The Four Primary Opportunities for Revenue Most Psych Behavioral Is Missing
So there are three large revenue opportunities here for psych behavioral:
- They can create high-quality, differentiated care, and then make sure to communicate that quality and differentiation to referral partners.
- They can add on a direct-to-consumer (DTC) engagement strategy. As outlined in our article “What Can Psych Behavioral Learn from Big Pharma?”, any healthcare organization that combines a traditional B2B strategy with DTC sees an increase of anywhere from 2-4X in revenue, EVEN AFTER additional marketing spend is accounted for.
- There is an entire local market of commercial and private pay that are looking to stay closer to home, but aren’t even aware that there are local options. Or, they think local options are just for Medicaid, which they don’t want to go to. Just look at the Google reviews for most psych behavioral facilities. Would you pay money to go to a psych hospital with an average of 2-3 stars? As we’ve seen in addiction treatment, the answer is no, and the same holds true for psych behavioral, which is why just revamping outreach efforts to focus on the commercial market is not enough, internal intake processes and the care experience needs to change as well.
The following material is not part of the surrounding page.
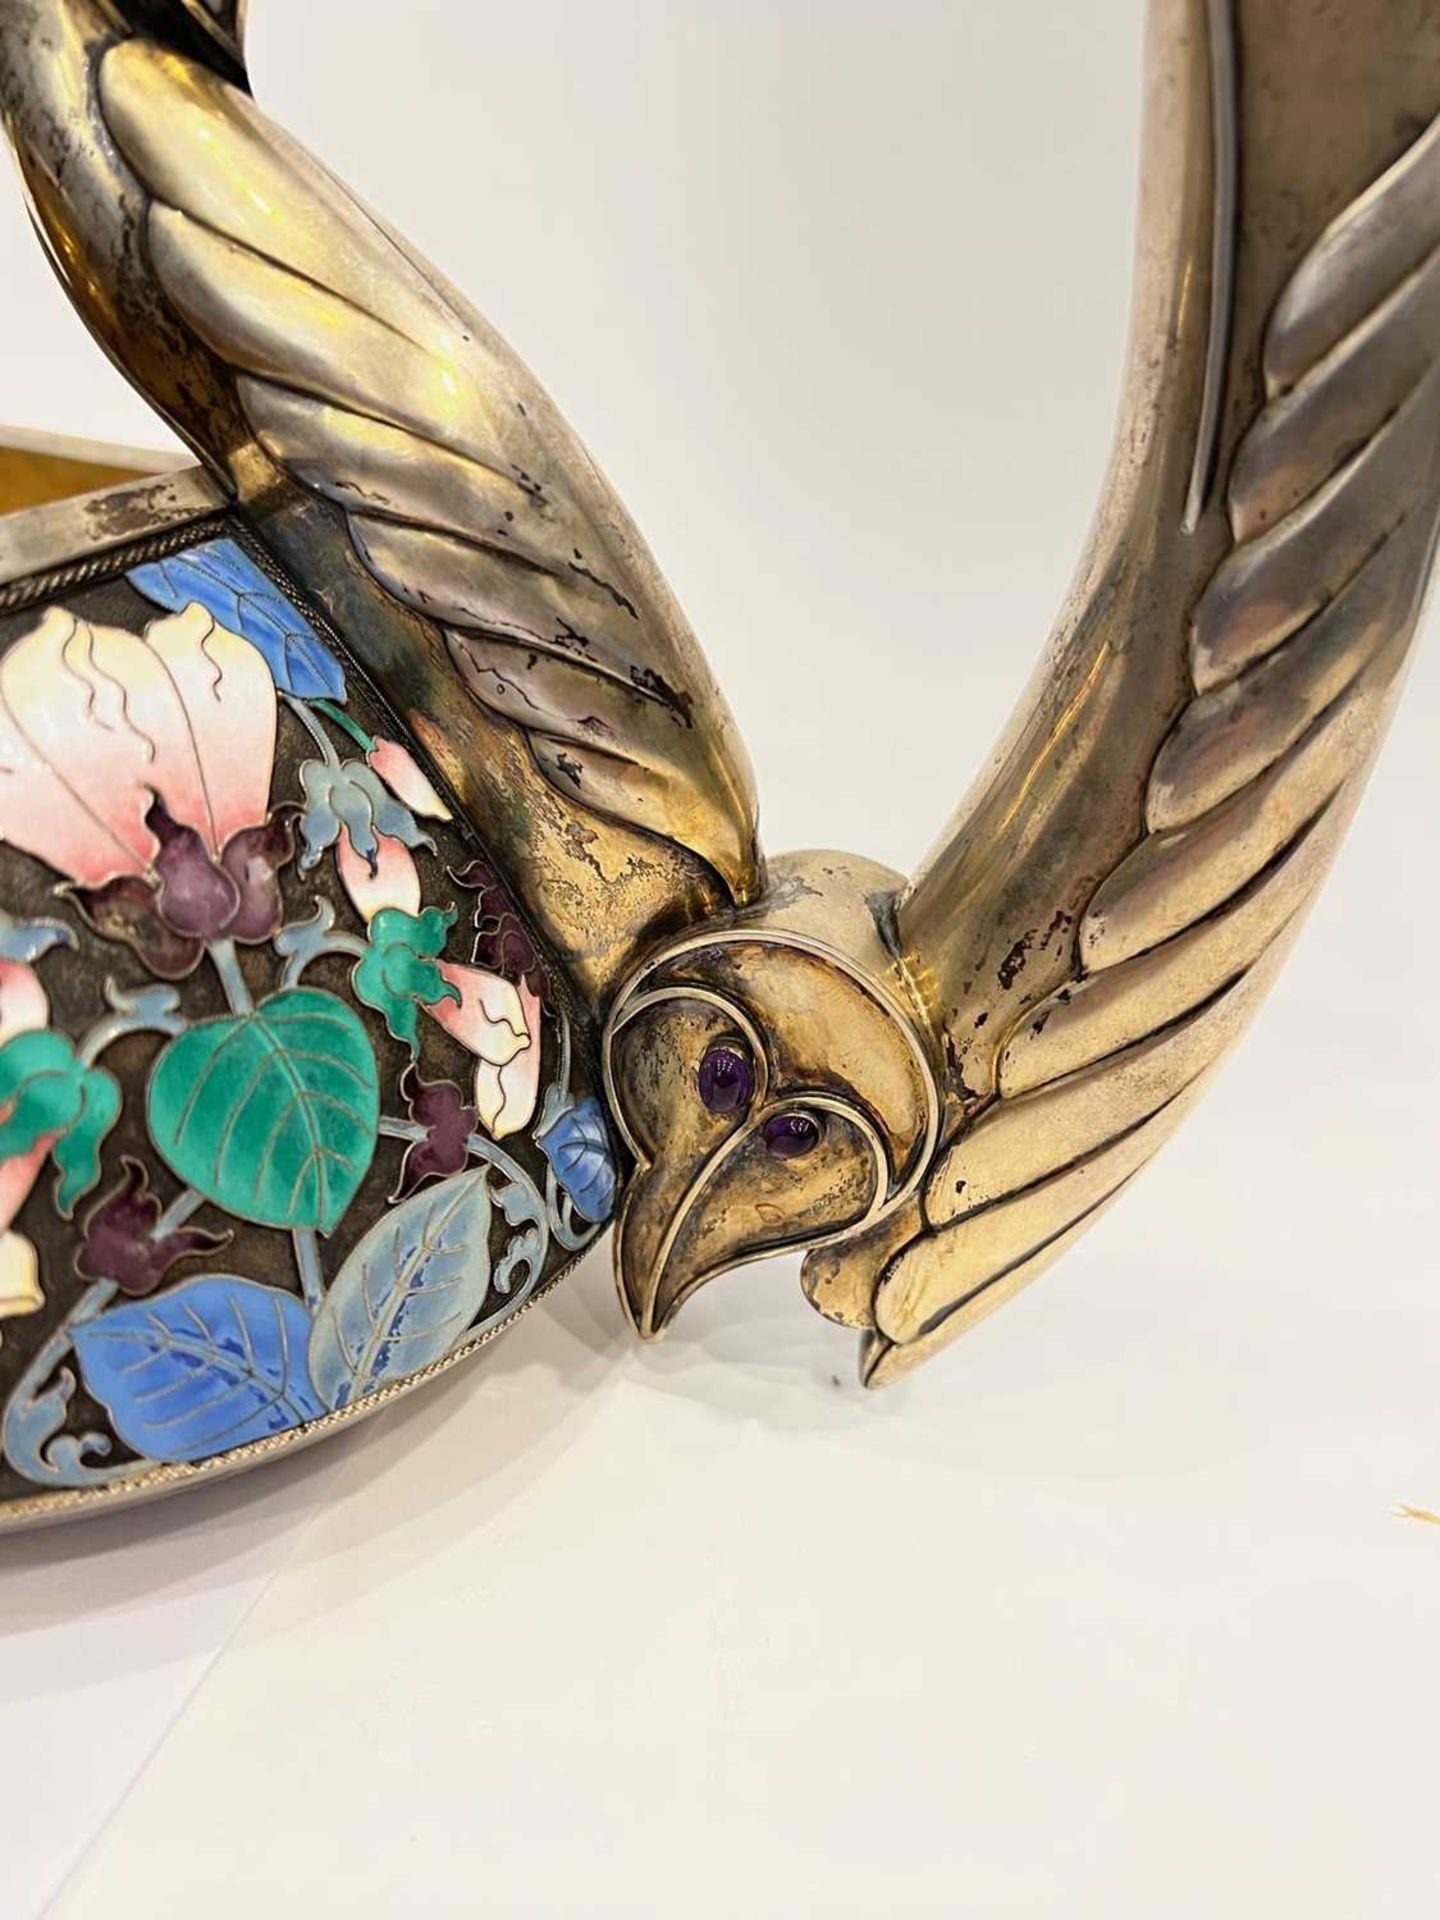 A MASSIVE EARLY 20TH CENTURY RUSSIAN SILVER AND ENAMEL KOVSH IN THE FORM OF A SWAN - Image 7 of 28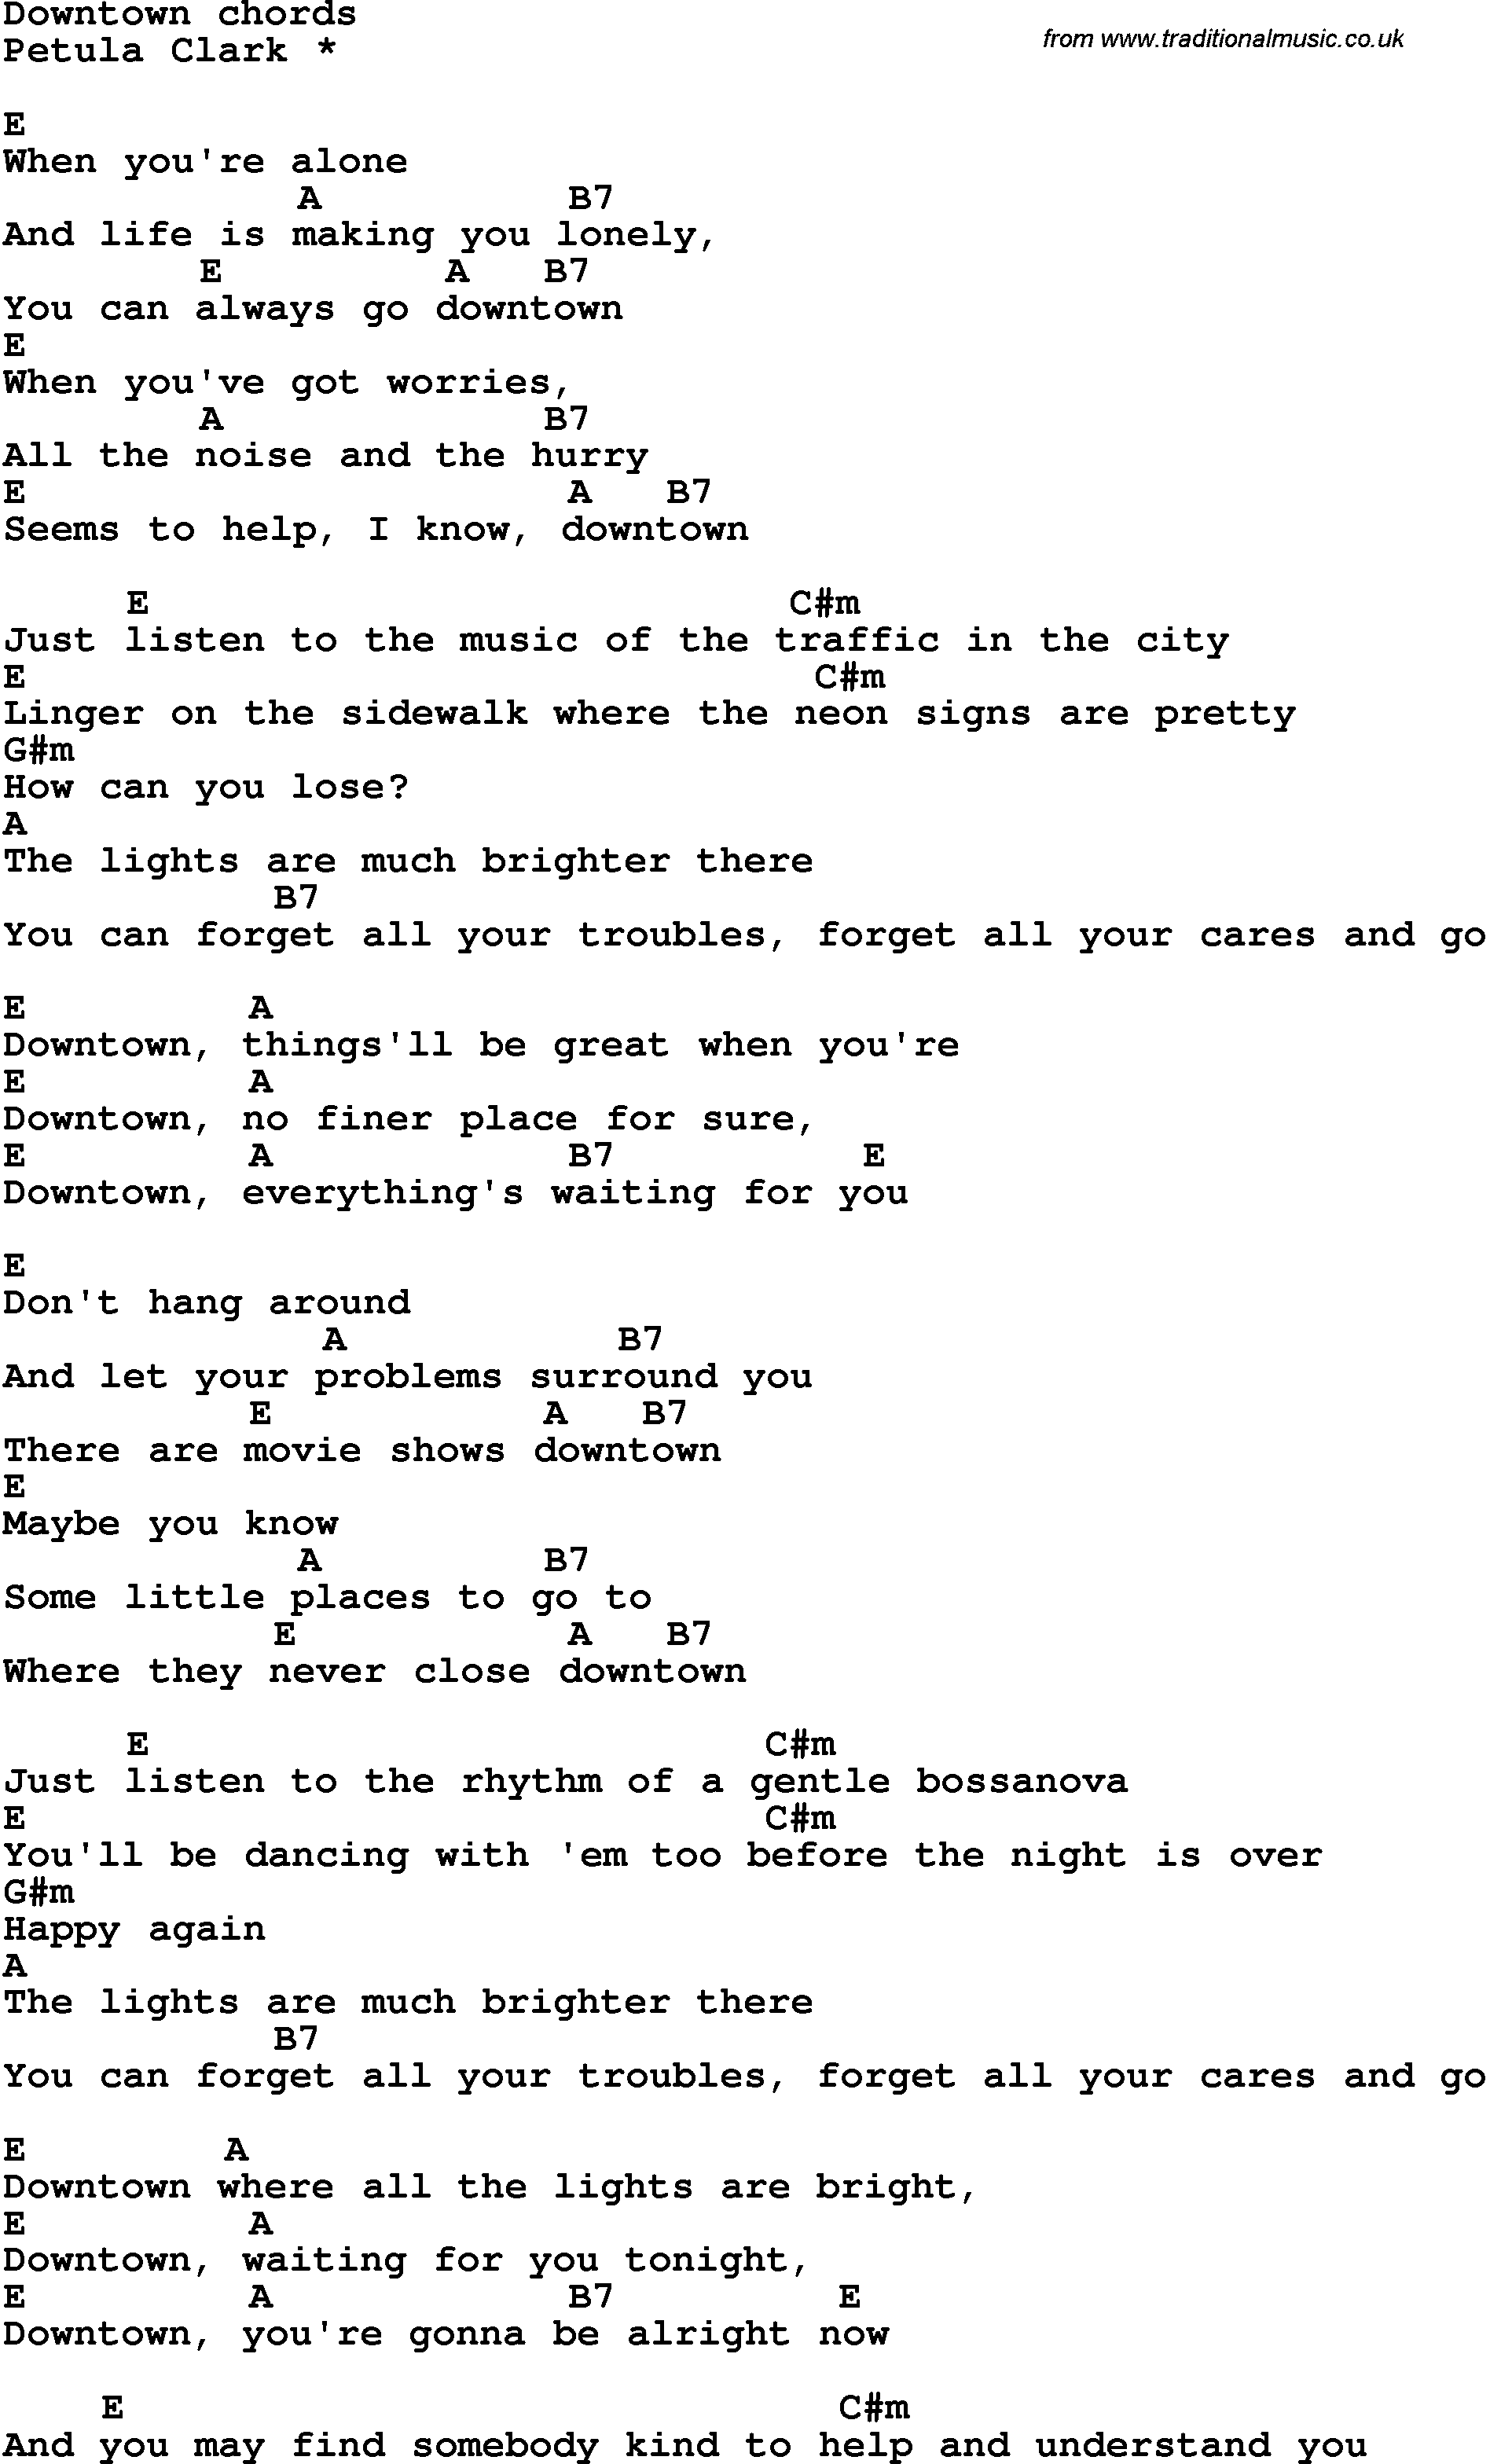 Song Lyrics with guitar chords for Downtown

- Operational cost reductions through longer lengths of stay, less staff burn-out, and lower staffing needs in general by having a higher commercial pay mix.

The final piece in all of this is a complete lack of synergy or brand across psych behavioral facilities. Acadia and UHS are both the epitome of this dying model for all the reasons outlined above, but also because the huge market force power that comes from a holistic and standardized approach to care and outreach is lacking in the traditional business model.
Have you ever talked to a consumer that knew who Acadia or UHS was? Neither have we. Have you ever even met the CEO of a UHS or Acadia facility that knew anything about other facilities? Almost never.
UHS and Acadia operate the same way that addiction treatment did ten years ago, basically as a large holding company with ownership of disparate facilities across the US. Besides perhaps a little back-end billing or some company-wide trainings, there is no platform here. Each facility does its own marketing, has its own EHR, has its own operations, and has basically no connection to any other facility in the country. That’s not even mentioning that basic internal systems haven’t been updated in a decade or more.
UHS and Acadia simply saw a gap in the marketplace where demand exceeded supply, and they filled it. But now that’s not even close to enough. There is a ton of potential in psych behavioral for increased revenue opportunities per facility and there is still a gap in the marketplace for well-known brands with consistent quality and standards of care to take over both in regional markets or nationally.

CoVid hasn’t broken the revenue model, it’s simply highlighted what has already been broken for quite some time, but no one bothered to do anything about it because there was simply no market pressure to do so. This is why executives at psych behavioral facilities are traditionally so slow to change or adapt, even when revenue benefits are extremely clear. They don't operate with a sense of urgency. The answer was always, “well, we’re profitable, so this isn’t something we need to act on. I think we’ll wait.” That answer is no longer good enough.